The task: A word-for-word copy of the data, pictures excluded, is what this task asks for.
START Source data
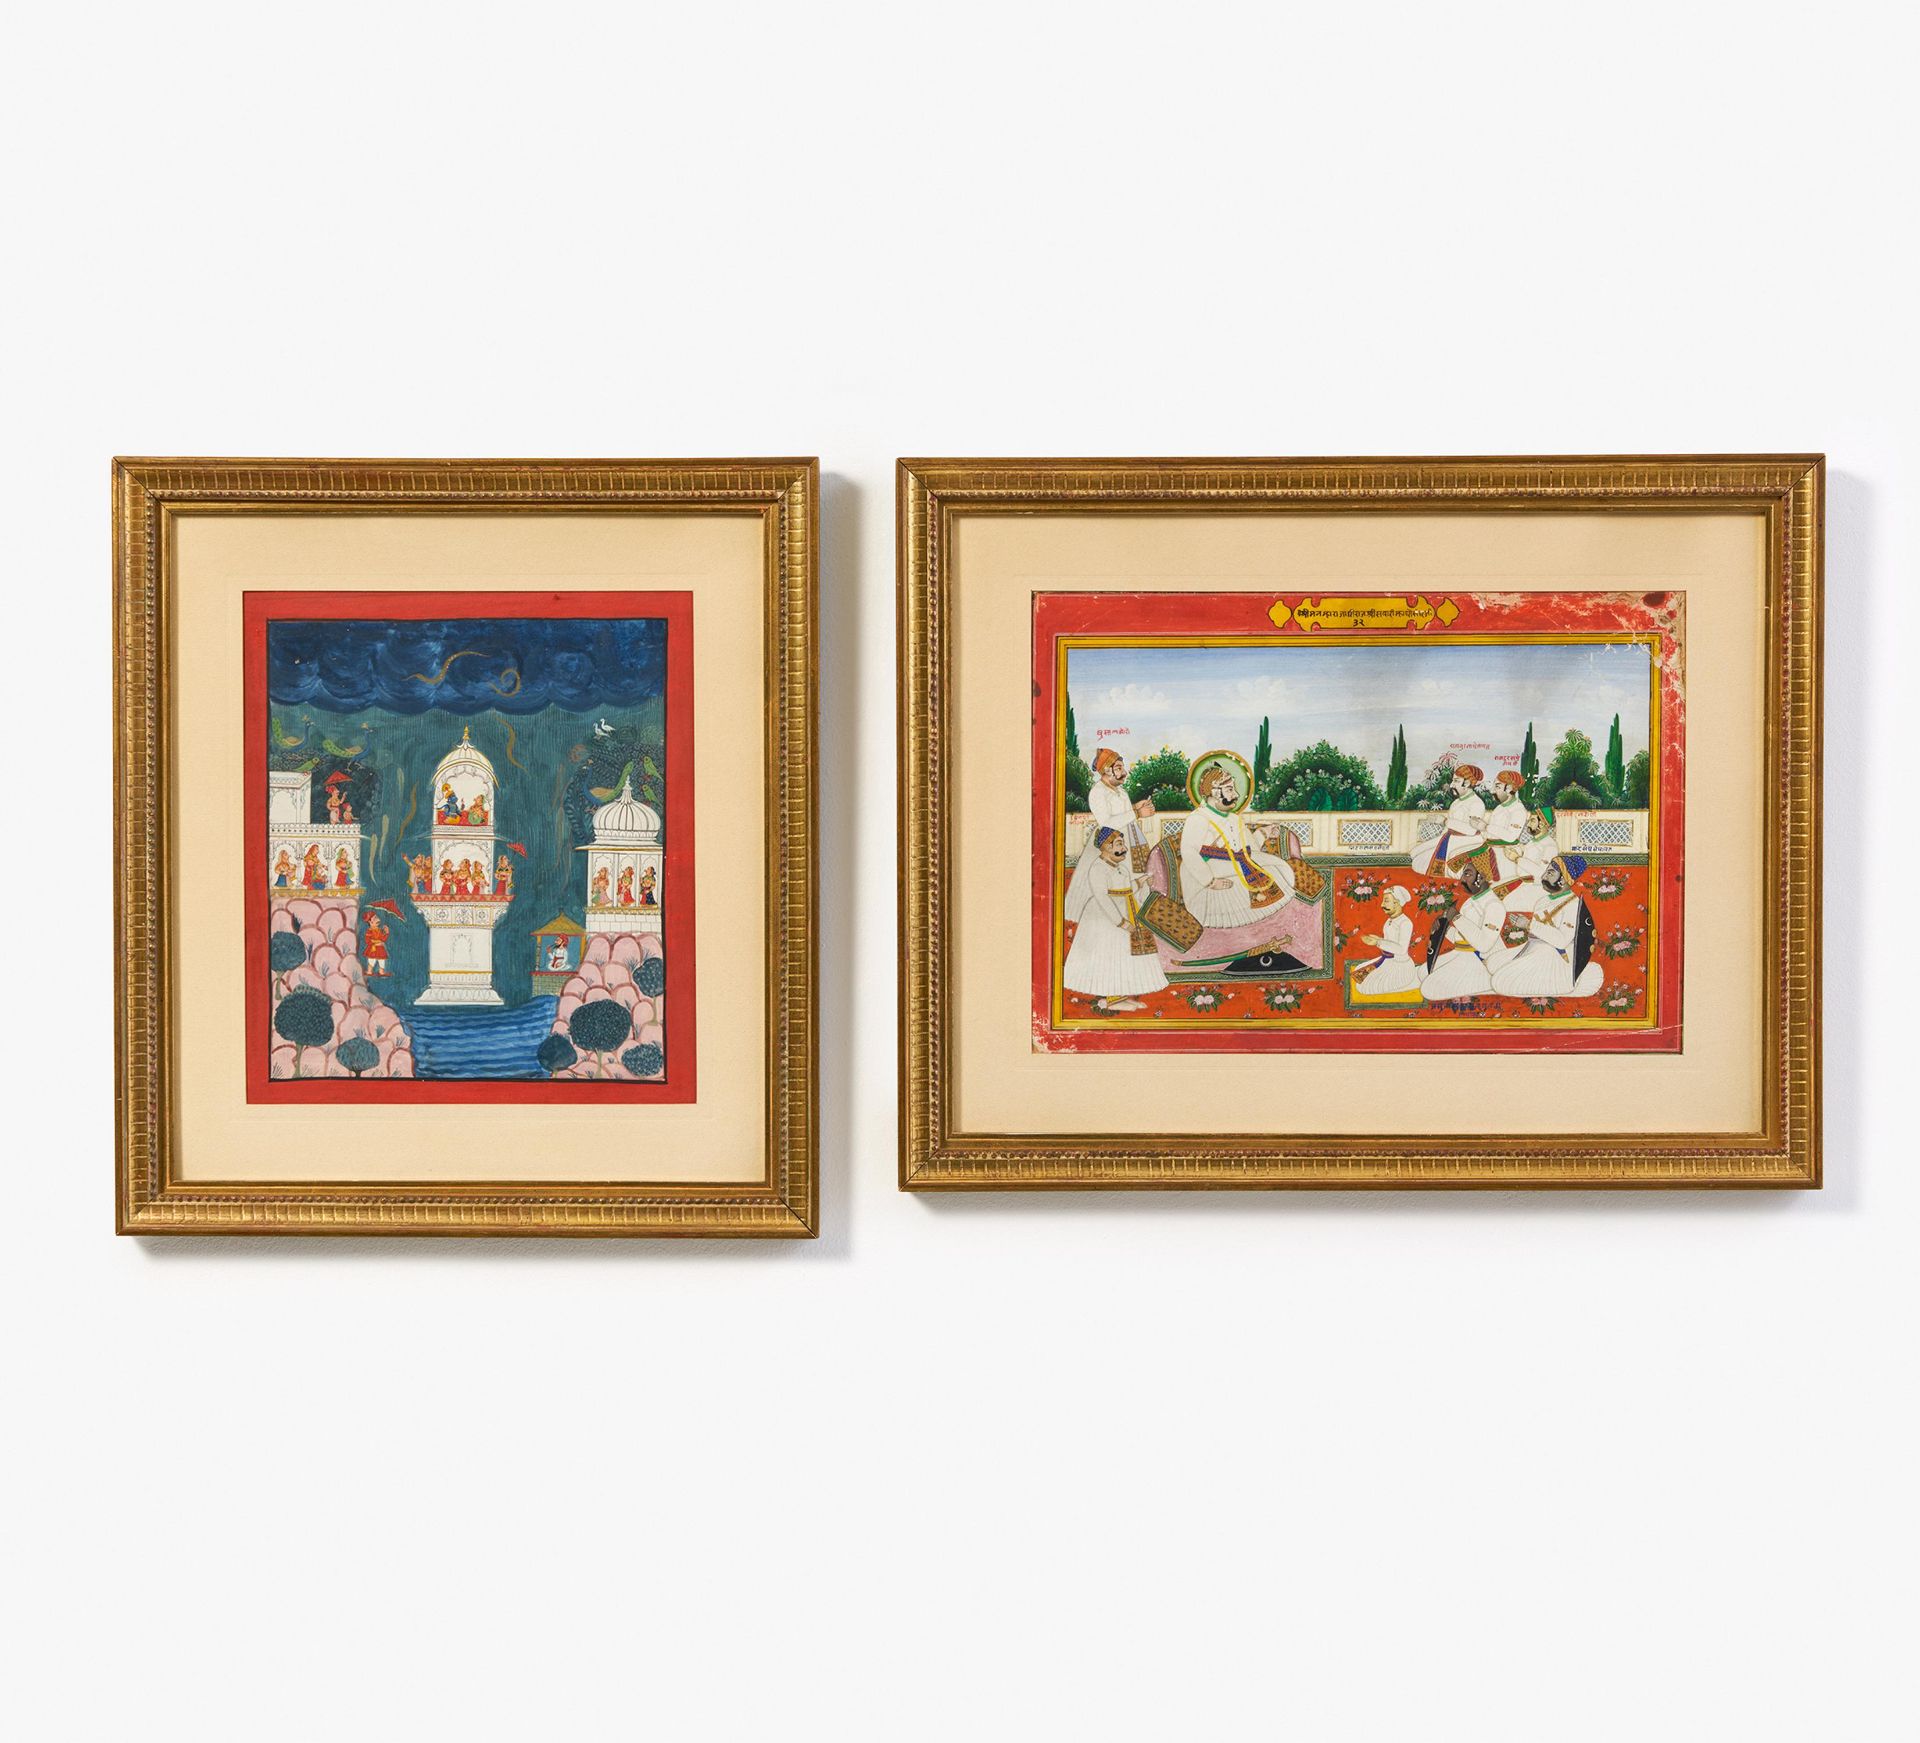 Two painting with Maharadja and Krishna
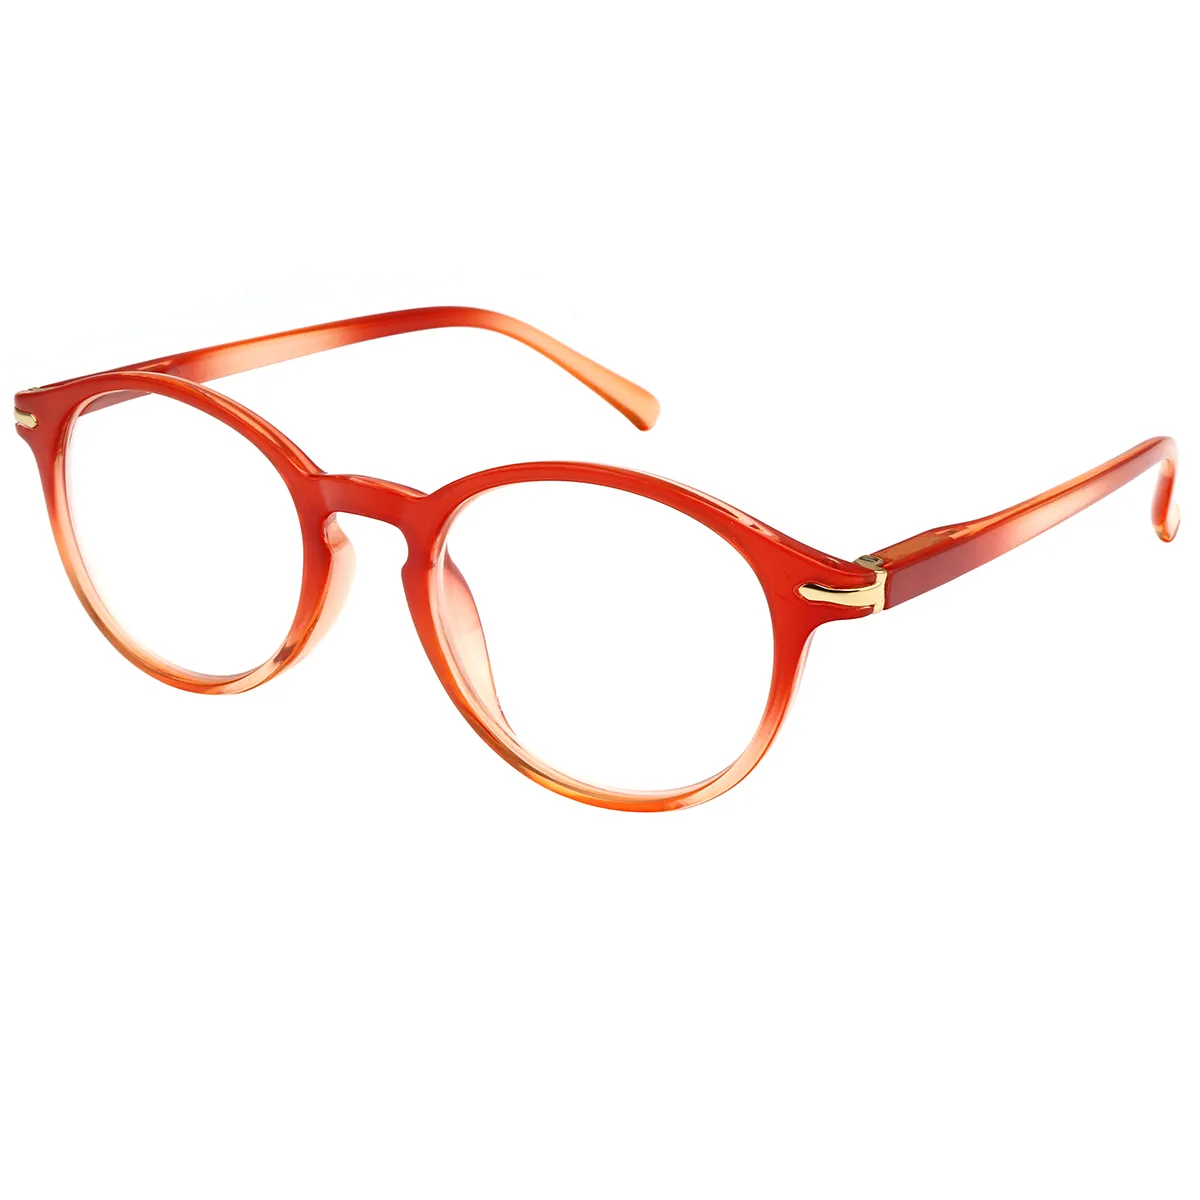 Classic Oval Orange Reading Glasses for Women
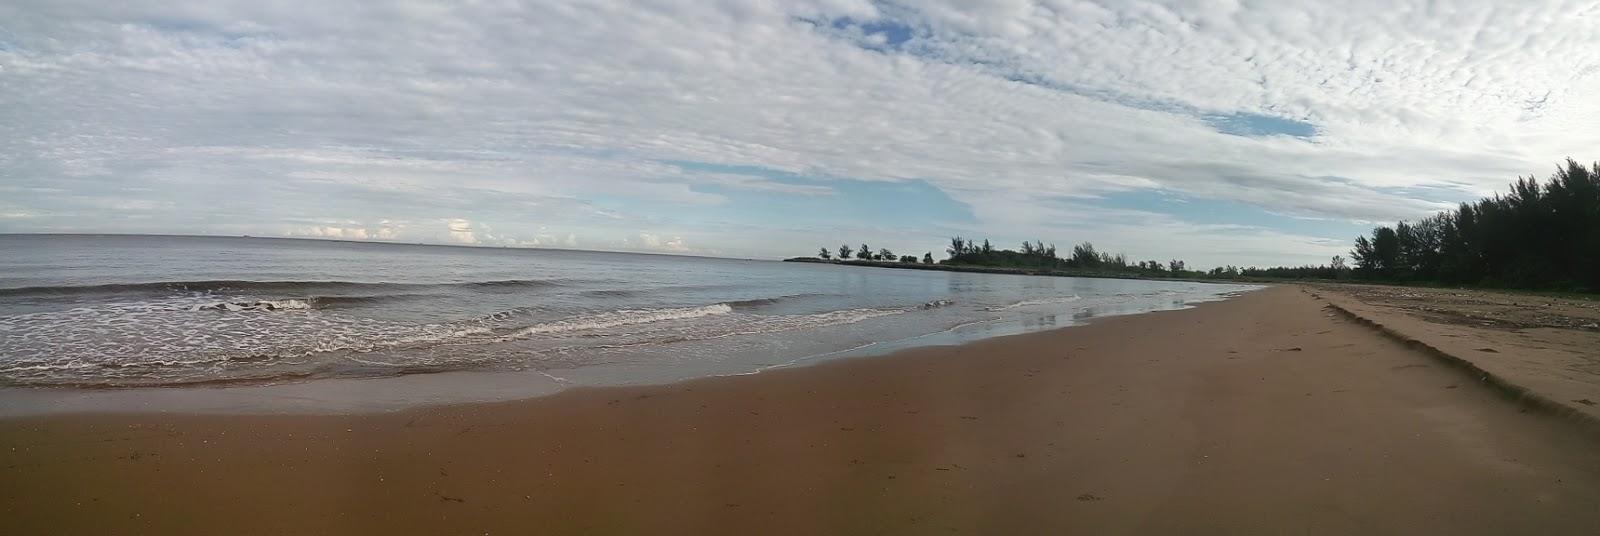 Sandee - Marina Beach
END Source data
Answer space:
 Two painting with Maharadja and Krishna
 Classic Oval Orange Reading Glasses for Women
 Sandee - Marina Beach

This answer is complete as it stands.